*** Opening of Data excerpt ***

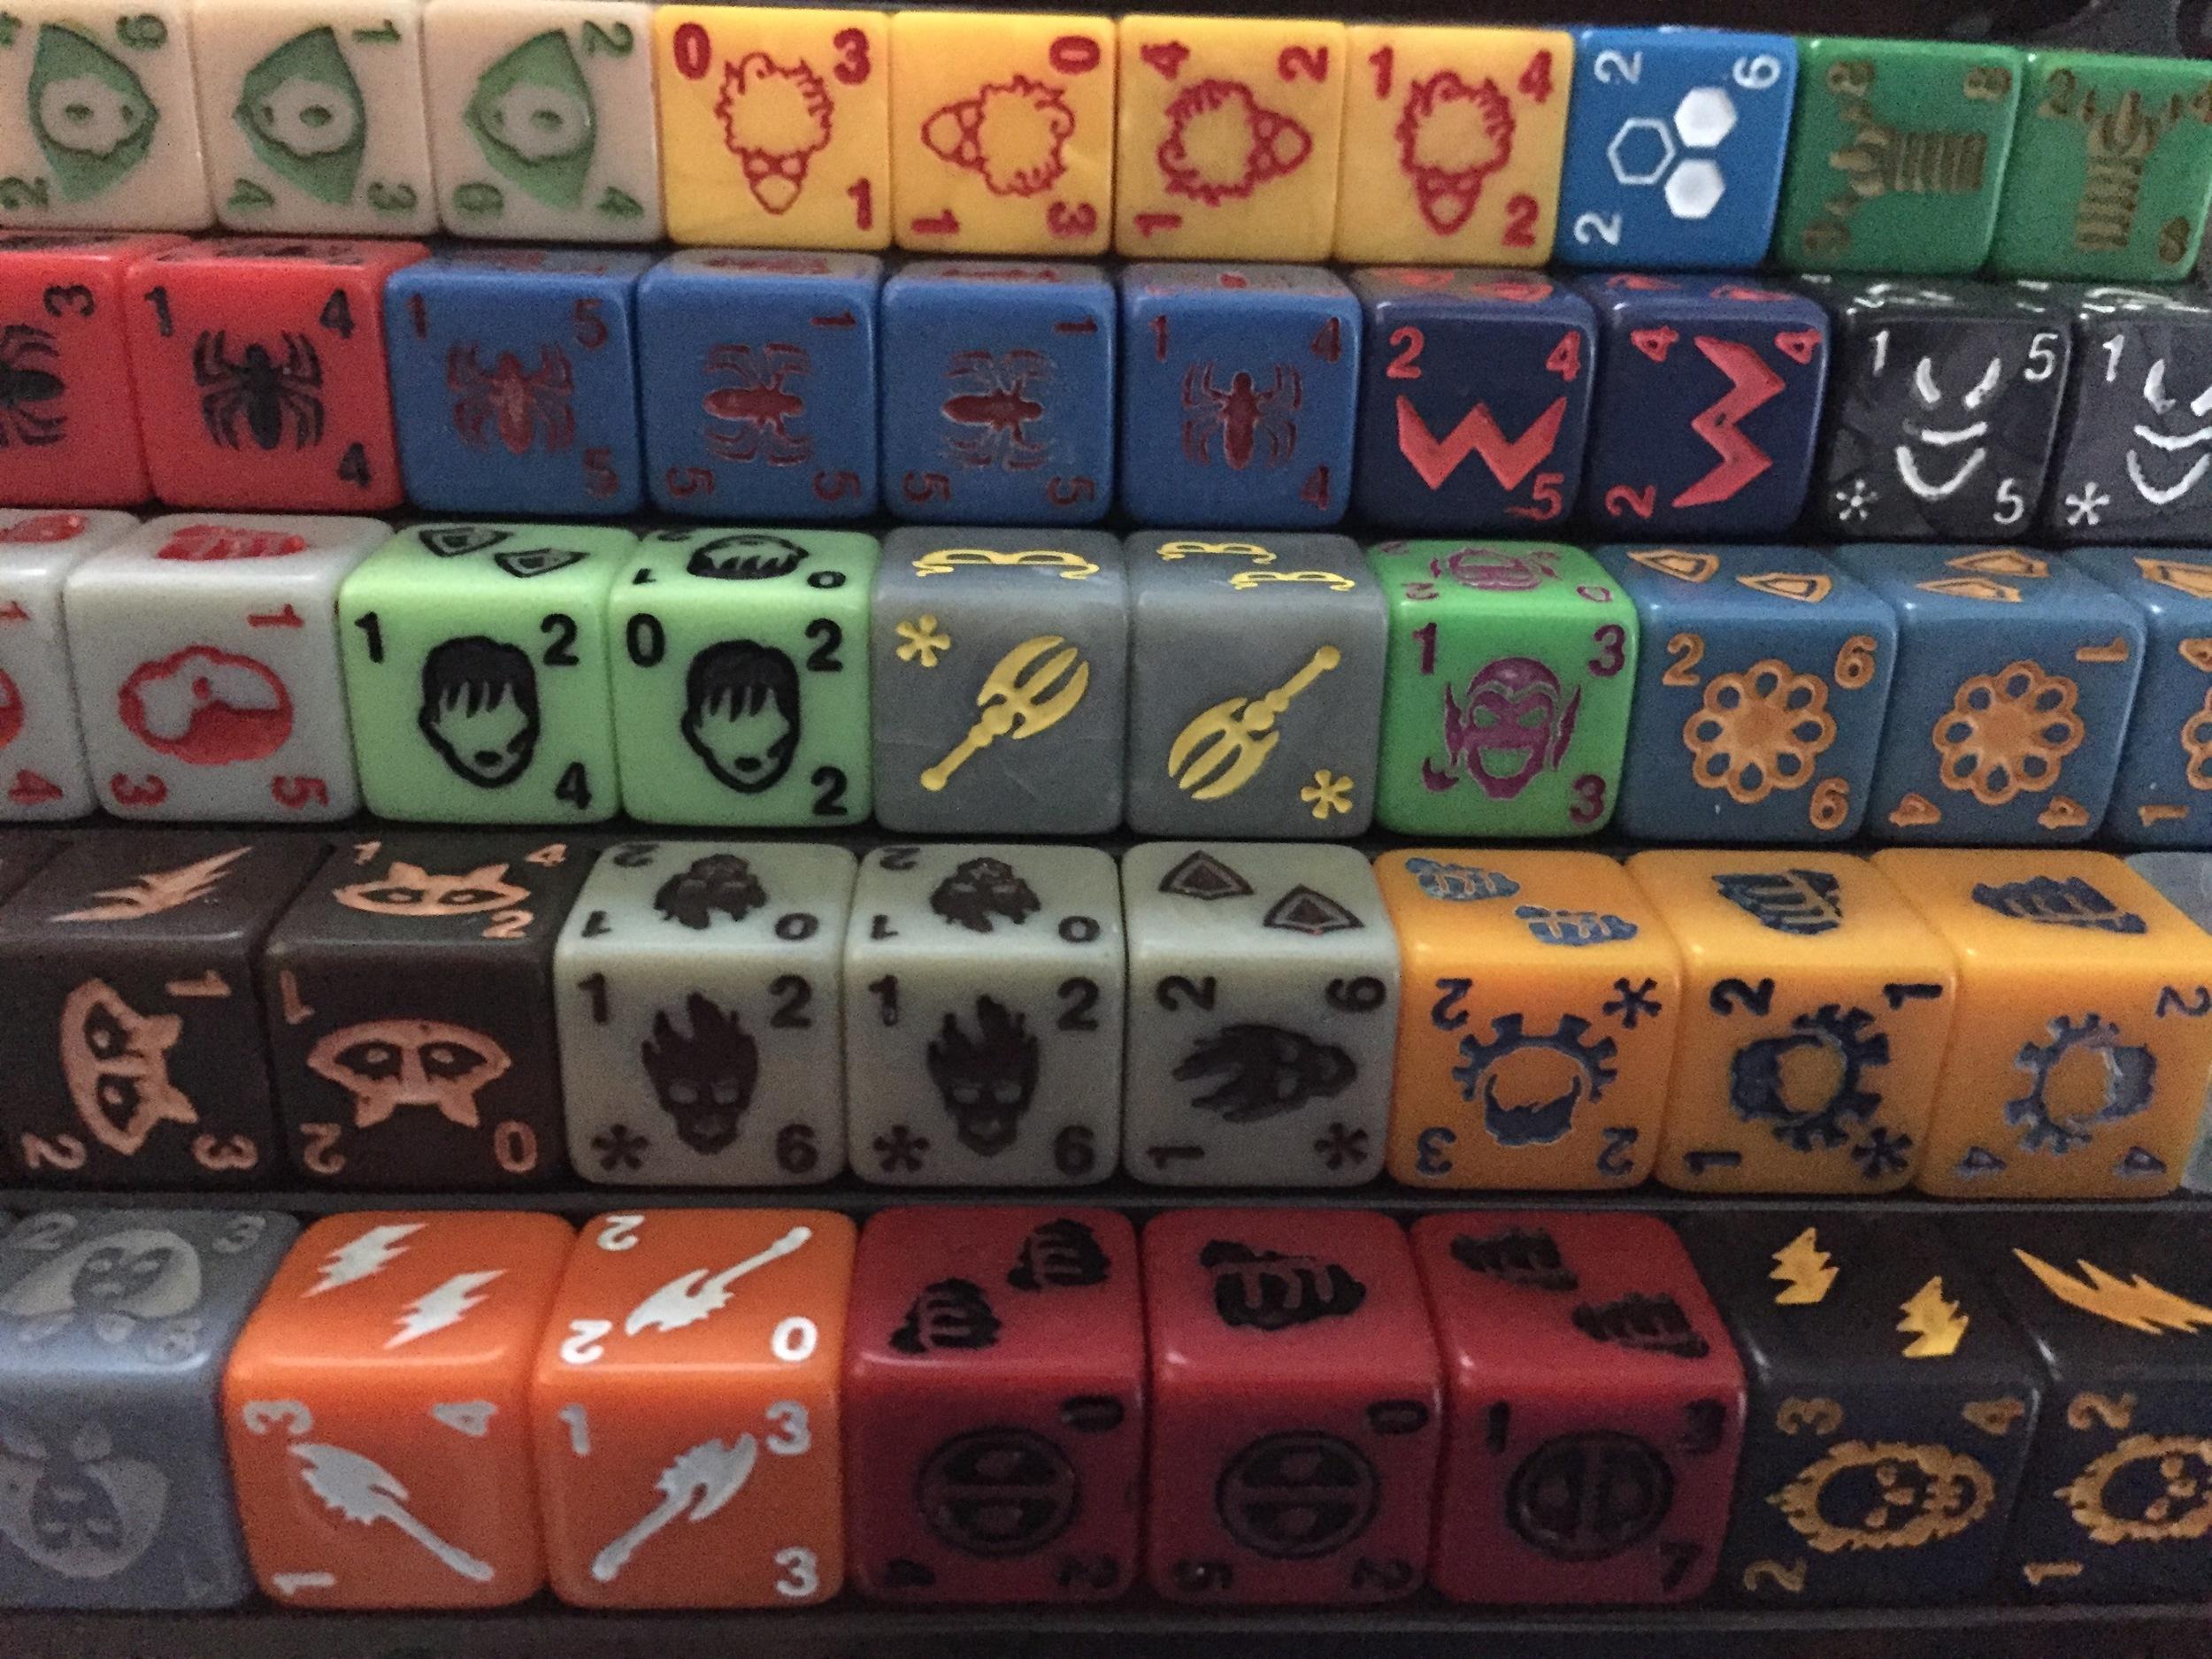 The Zen Bins help organize dice neatly and efficeintly.
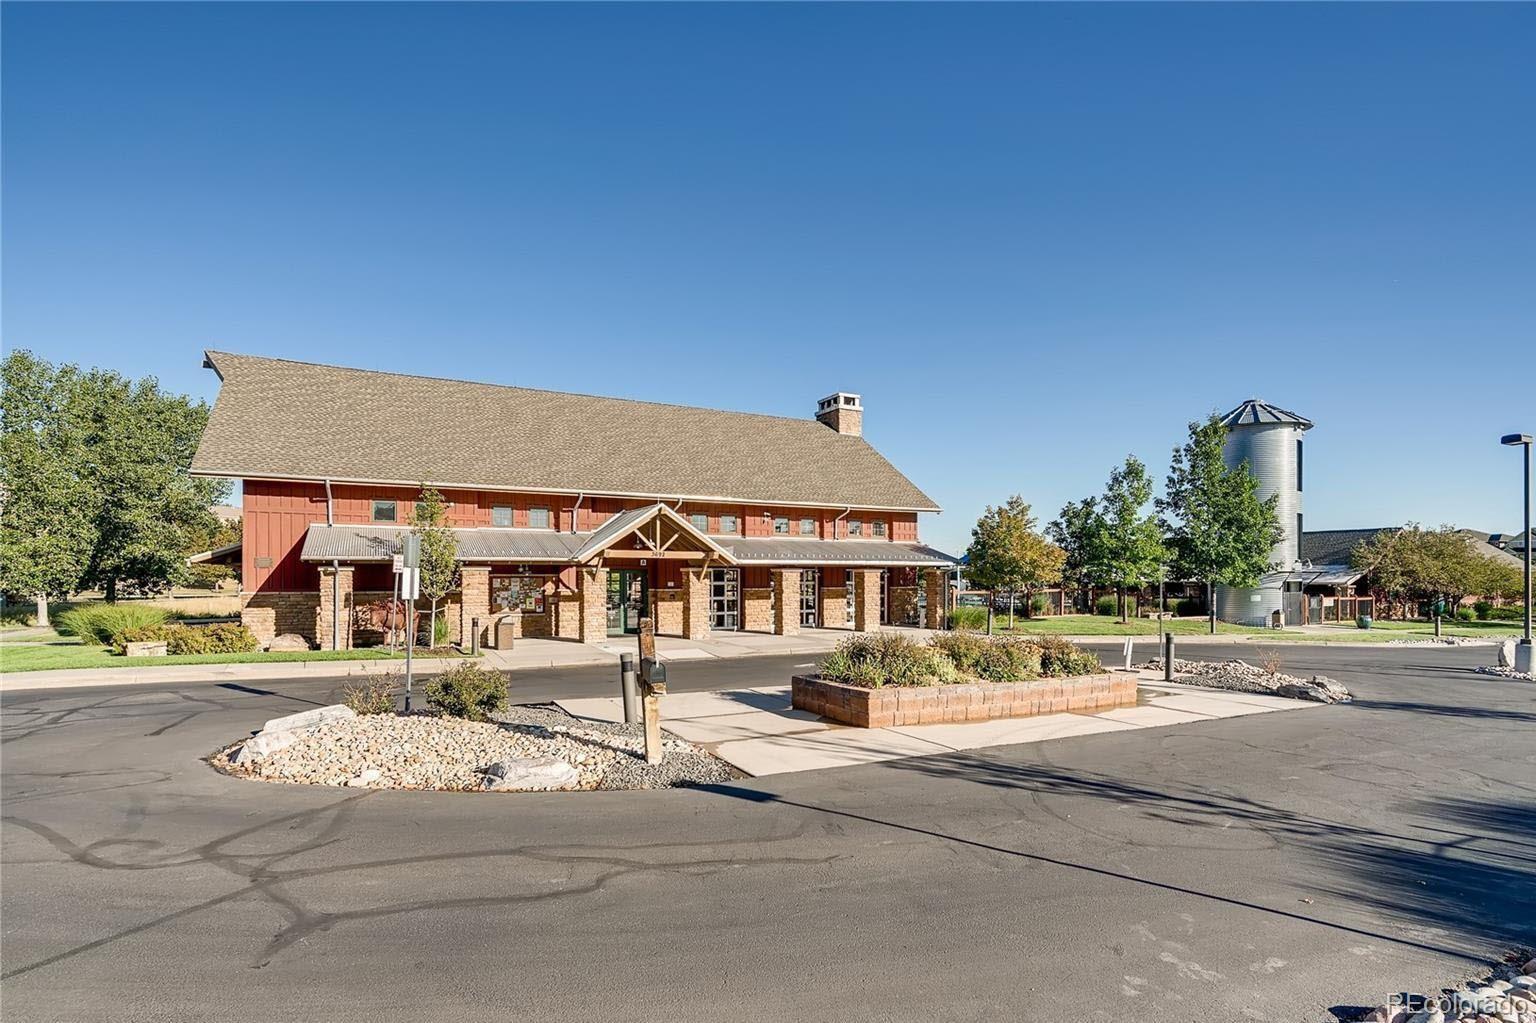 MLS# 4377973 - 20 - 2895 Black Canyon Way, Castle Rock, CO 80109
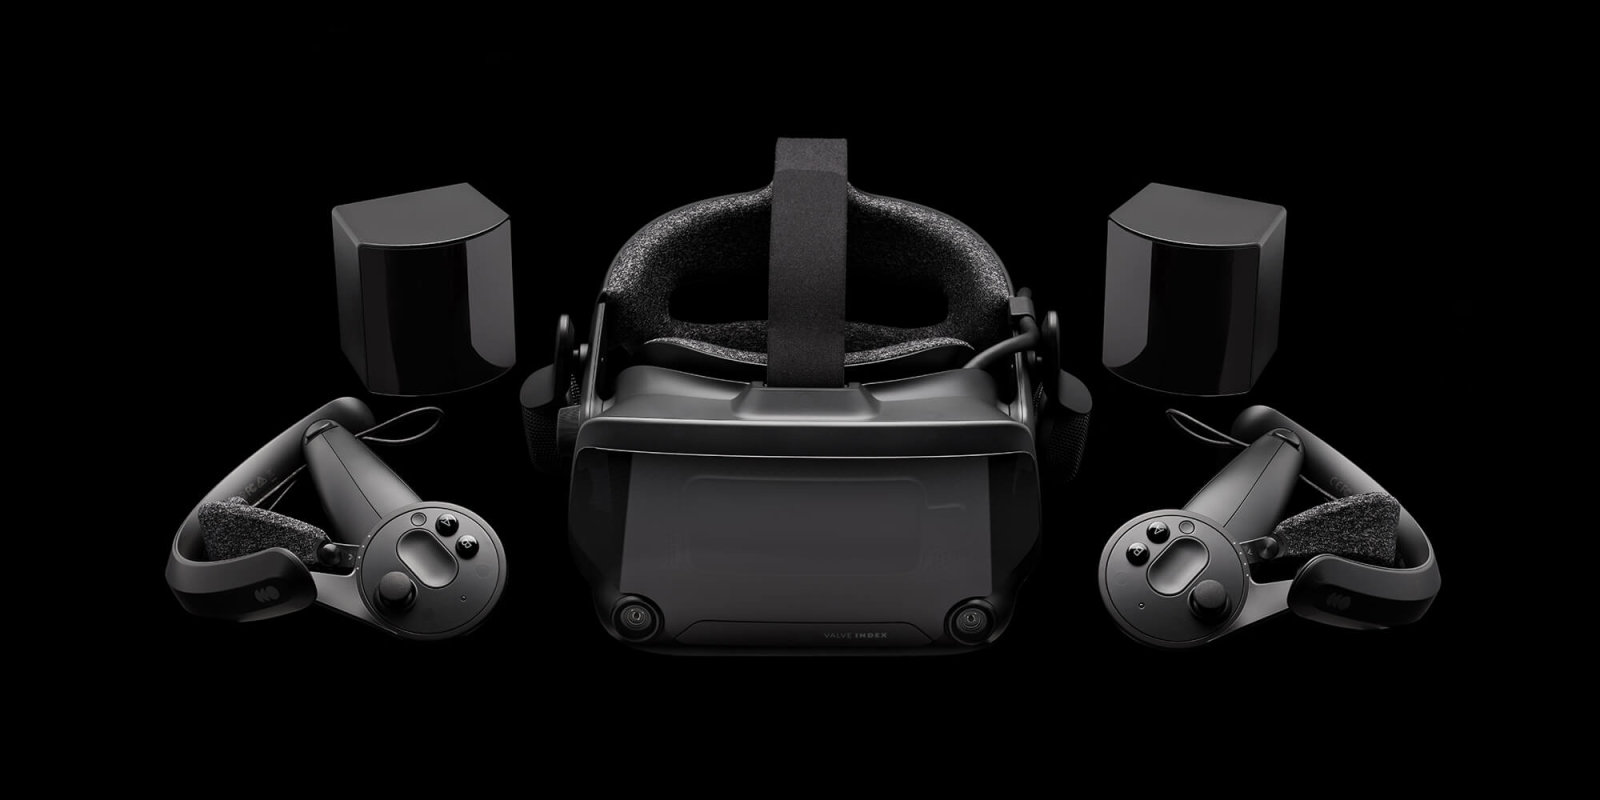 Valve-Index VR kit

*** Close of Data excerpt ***

§ **Exercise goal**:
Pictures aside, return all of the material exactly as written.

§ **Exercise result**:
 The Zen Bins help organize dice neatly and efficeintly.
 MLS# 4377973 - 20 - 2895 Black Canyon Way, Castle Rock, CO 80109
 Valve-Index VR kit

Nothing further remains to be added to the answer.